Я вижу лица своих и не-своих. Свои лица появляются рядами, они как пояса с монетами. Монеты подпрыгивают, потому что свои ходят по-утиному, вразвалочку. Свои лица утомительно сложны, выражение каждого создано и подперто, в ходе загадочных процессов, лицами по обе стороны от него. Эти структуры переплетаются и перепутываются, но пока что еще не рвут одна другую. И не-свои. Конечно, лица не-своих – это перенастраиваемые темноглазые лица Вэнса Кипуча. Многие из них скошены вниз, из страха споткнуться о корень, из страха, что кто-то увидит, что ты споткнулся о корень. Это те, кто не спит, спит плохо, спит один и думает о чем-то другом, когда слышит звуки из-за стенки комнаты. Я ощущаю, что игроки в тарелки, за которыми я продолжаю следить, – не-свои. Летающий диск соединяет их призрачными линиями, нитями, которые, как паутинки, треплются и рвутся ветром, и летят прочь с Мемориального холма и спортплощадок на юг. Зыбкие лица не-своих на деле незыблемы, это лица, которые сами себе закон, их закон – не быть своим в месте, где закон – быть своим. Только эти лица и выглядывают, защищенные и заточенные, из-за опутанных колючей проволокой границ своих структур, и они это знают, но, ради милости Божьей отмеченные своевольностью его благодати, именно они будут спеленуты и заткнуты в шкафах Колледжа. Лица, что недостижимы из этой дали, что глядят сквозь тебя и переваривают тебя за один миг, против твоей и своей воли.

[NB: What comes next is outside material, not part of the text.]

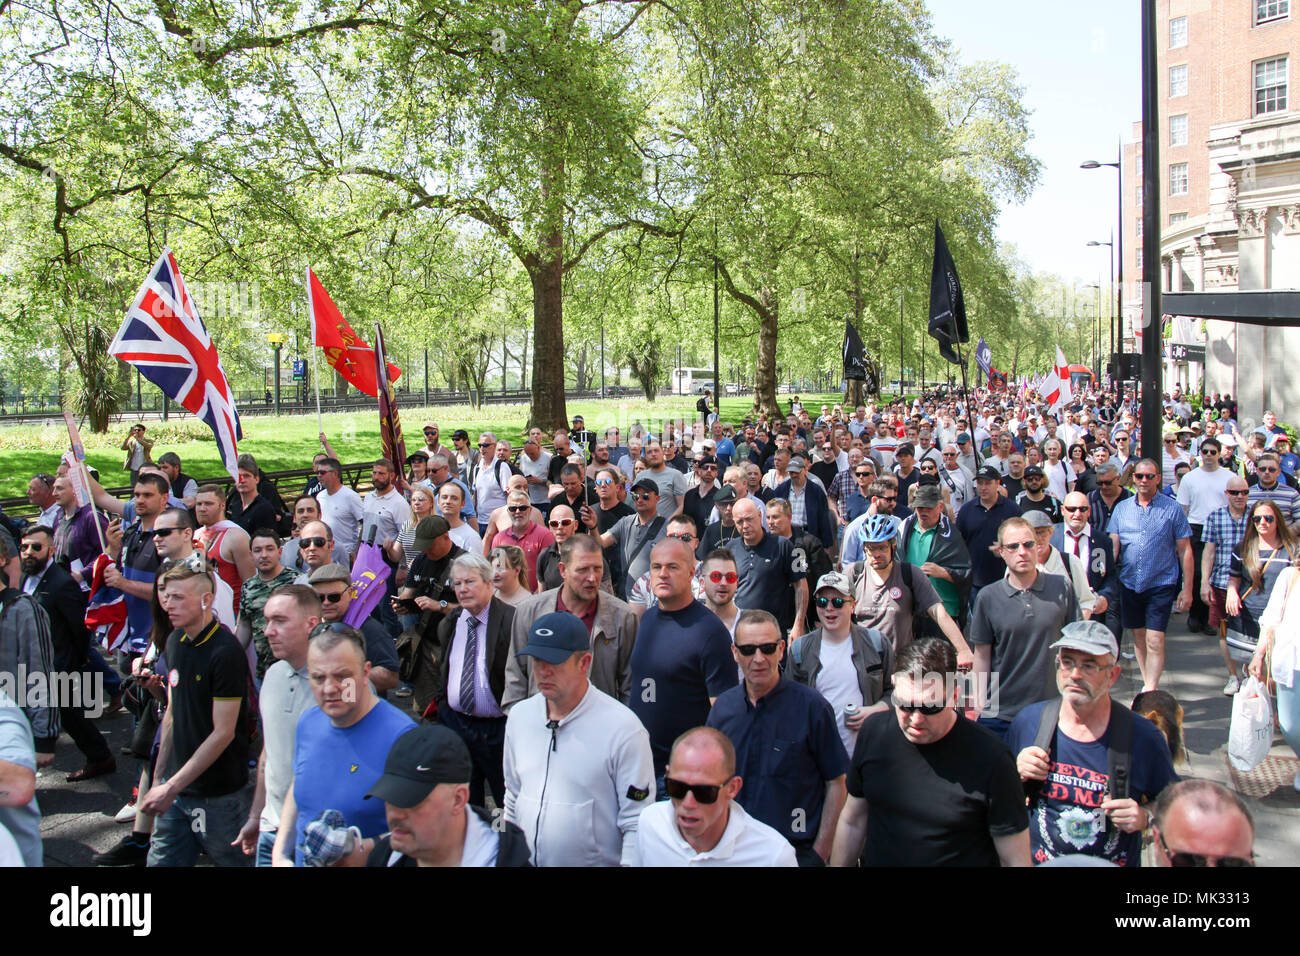 London, UK. 6th May 2018. The Day for Freedom Marches through London Credit: Alex Cavendish/Alamy Live News Stock Photo

Кто знает, как долго я наблюдаю. Подвороты моих брюк наполняются обрывками листьев и обрезками полостебельных трав. Шагают мимо родители с именными бейджами. Немолодые мужчины, чье брюхо – бремя, обернутое и приподнятое клетчатыми пиджаками. Немолодые женщины, которых я уже видел и распознал в лицах их дочерей. Тюлени на ступенях, яркие тарелки в воздухе. Любовники на животах, ноги задраны, лодыжки лениво скрещены, защищаясь от дрожащего приближения случайного падающего листа. Клонится над горами солнце. Теперь я чувствую. В этом дворике эллипс моей траектории впитывает изрезанный контур Северной общаги.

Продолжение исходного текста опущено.